• DATA EXCERPT
=-=-=-=-=

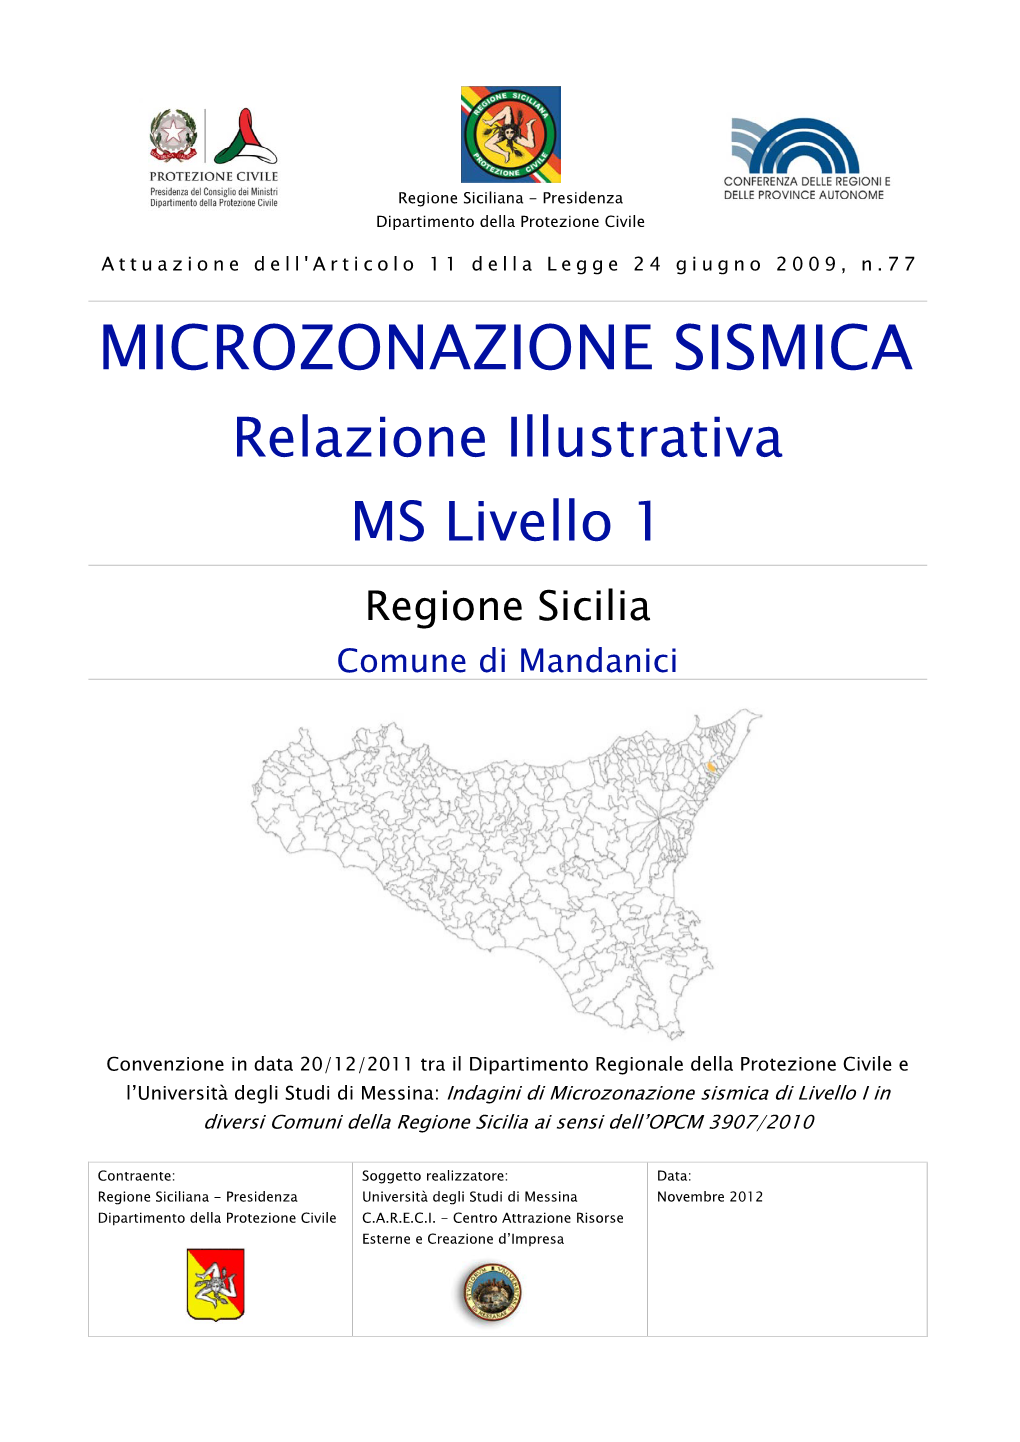 MICROZONAZIONE SISMICA Relazione Illustrativa MS Livello 1 Regione Sicilia Comune Di Mandanici
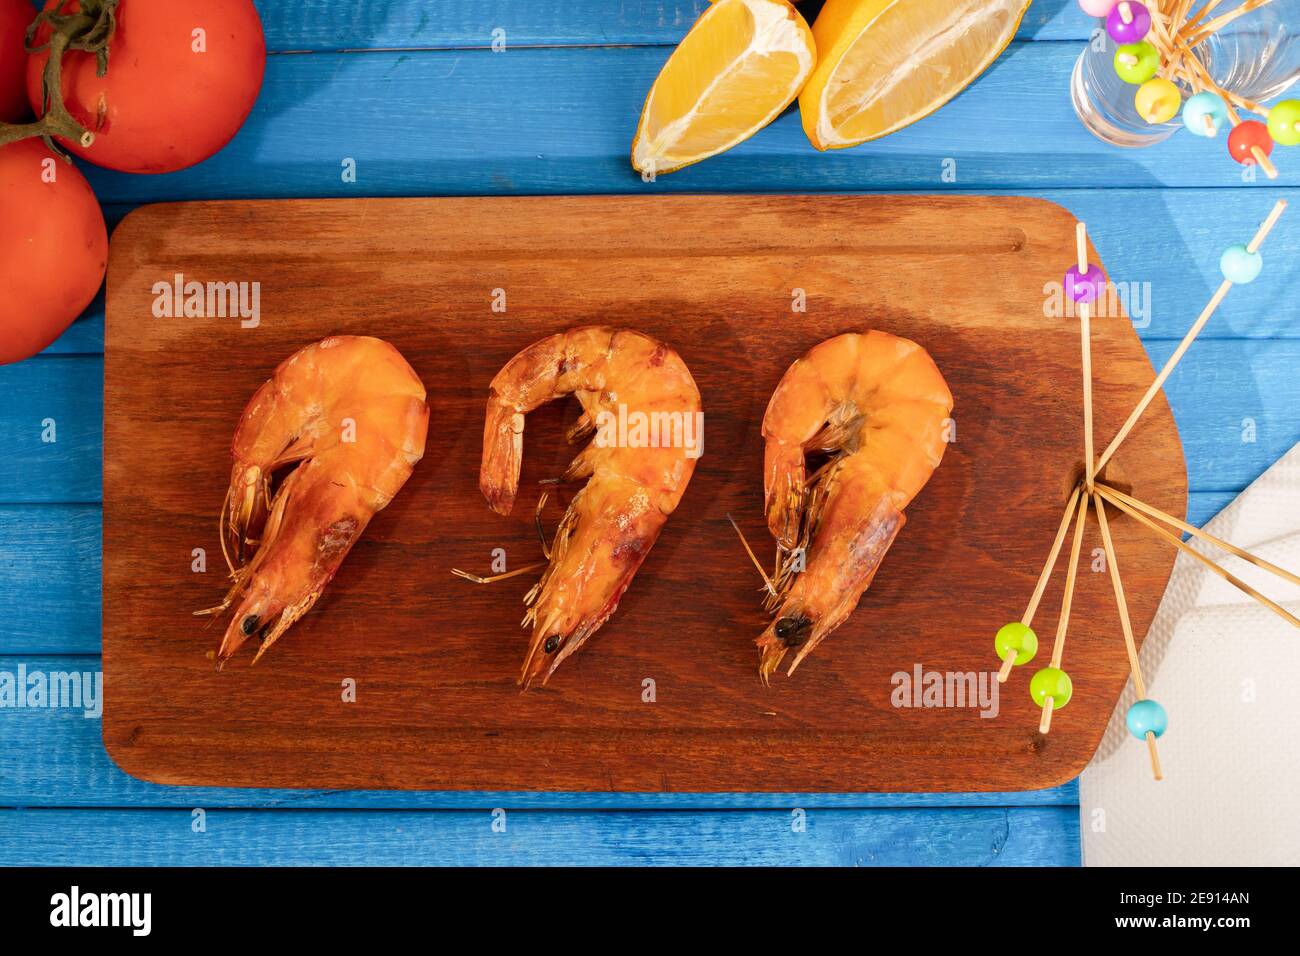 Crevettes rôties entières sur un plateau en bois, sur une table bleue. Nourriture d'été, fraîche et naturelle. Banque D'Images
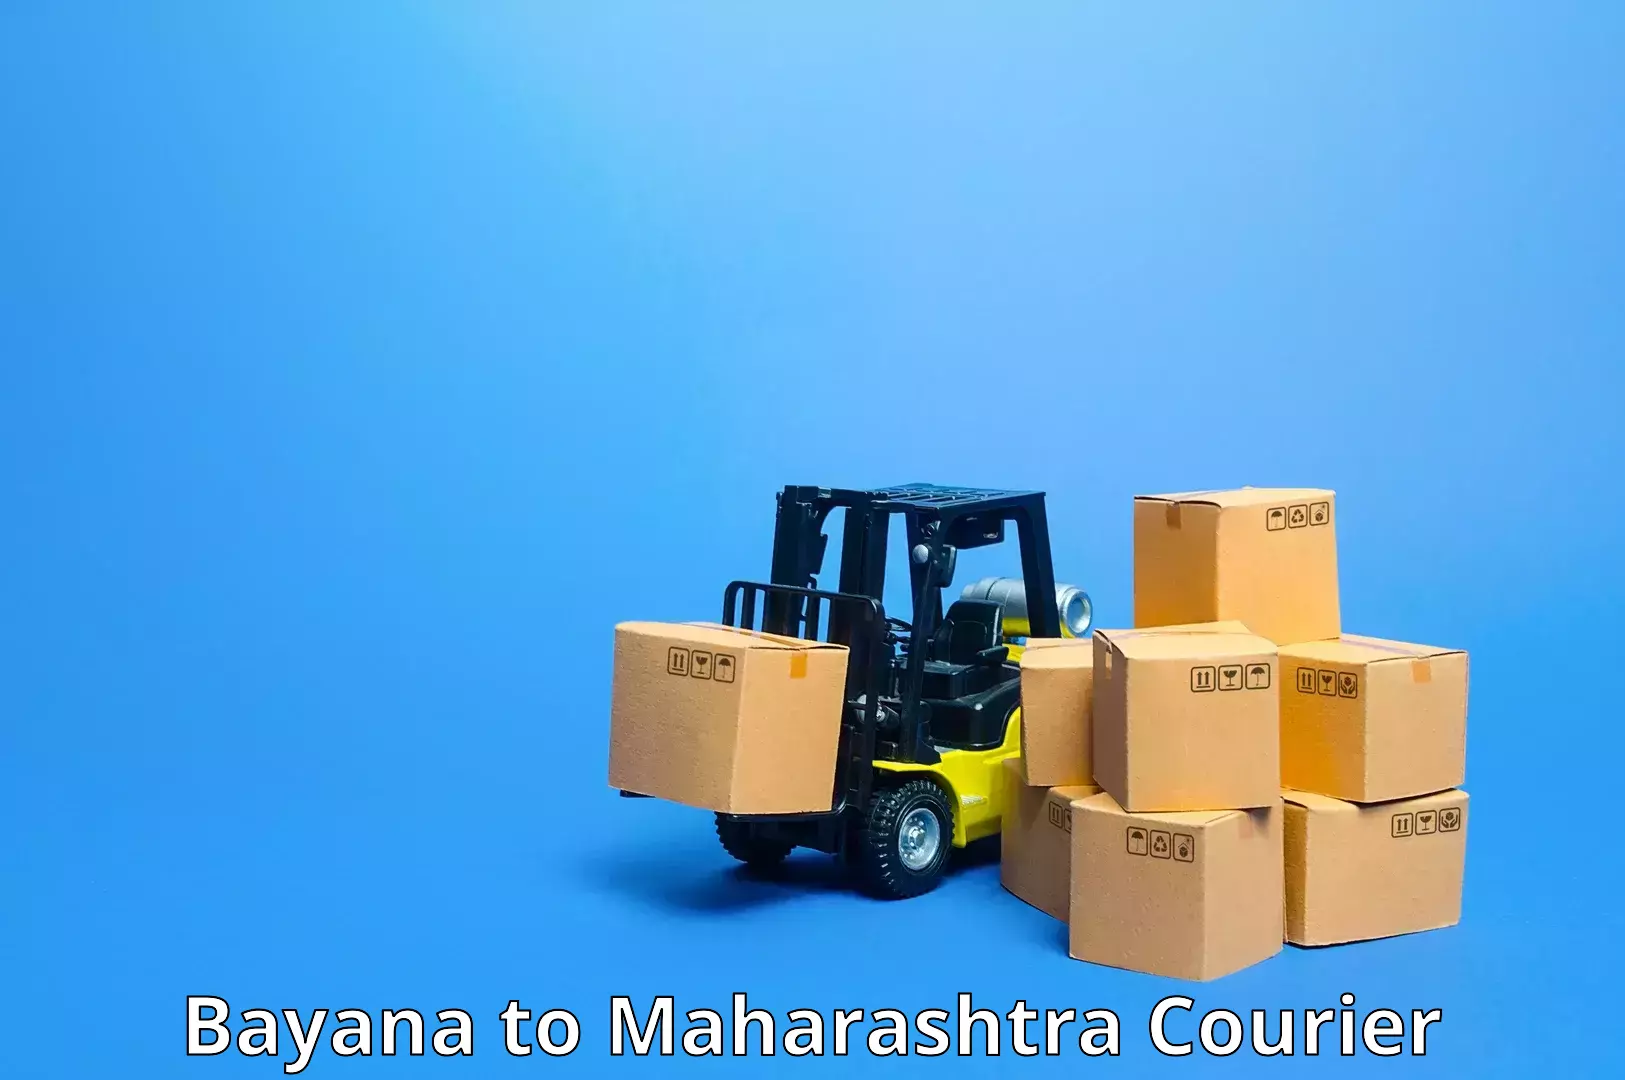 Digital courier platforms Bayana to Maharashtra

=-=-=-=-=

• WORK TO COMPLETE
Leave out the pictures, then return every line of the data exactly.

• ANSWER TO THIS EXERCISE
 MICROZONAZIONE SISMICA Relazione Illustrativa MS Livello 1 Regione Sicilia Comune Di Mandanici
 Crevettes rôties entières sur un plateau en bois, sur une table bleue. Nourriture d'été, fraîche et naturelle. Banque D'Images
 Digital courier platforms Bayana to Maharashtra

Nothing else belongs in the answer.